» What you have to do
Reproduce exactly the lines of the material beneath, from the line that contains "maj 2010 henvist" to the line that contains "Panorama Chet Sao", both included, and no other lines.

» Data for this task

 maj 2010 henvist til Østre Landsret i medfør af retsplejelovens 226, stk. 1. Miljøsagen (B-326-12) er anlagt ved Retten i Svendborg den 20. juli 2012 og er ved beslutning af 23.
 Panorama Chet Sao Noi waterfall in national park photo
--
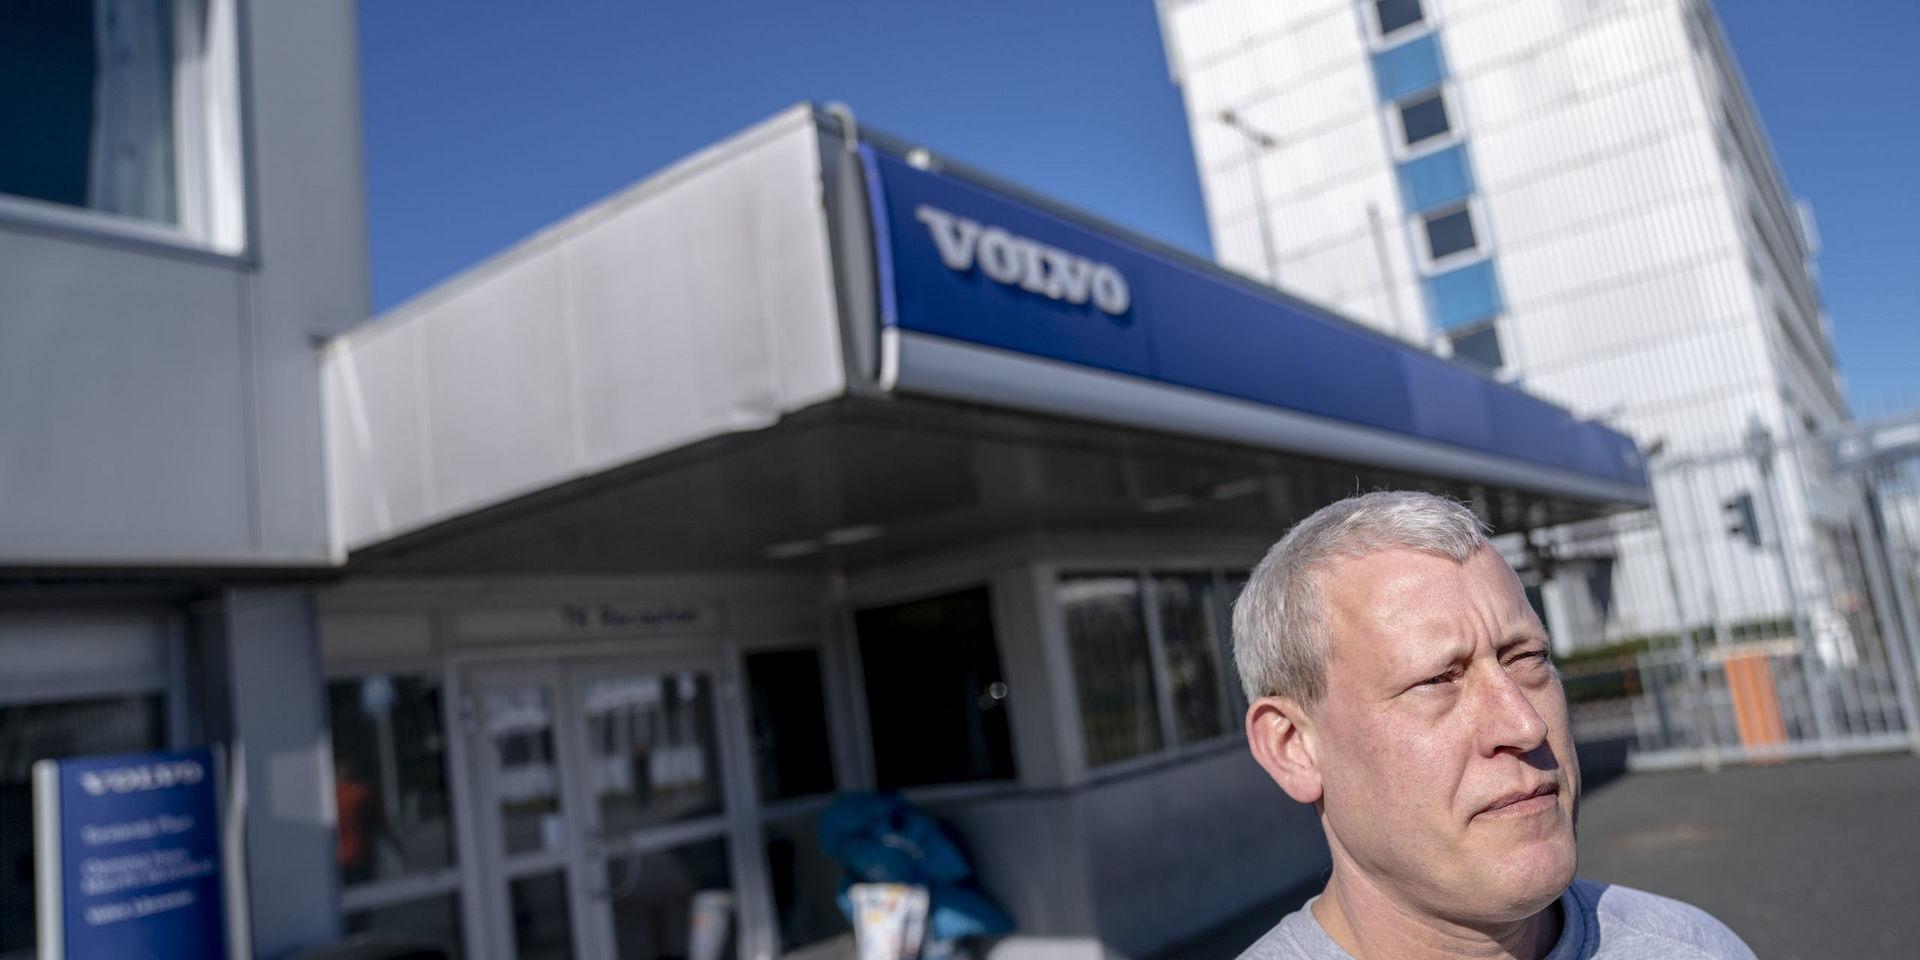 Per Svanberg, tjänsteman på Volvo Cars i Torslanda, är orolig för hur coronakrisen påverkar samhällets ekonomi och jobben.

» Answer space
 maj 2010 henvist til Østre Landsret i medfør af retsplejelovens 226, stk. 1. Miljøsagen (B-326-12) er anlagt ved Retten i Svendborg den 20. juli 2012 og er ved beslutning af 23.
 Panorama Chet Sao Noi waterfall in national park photo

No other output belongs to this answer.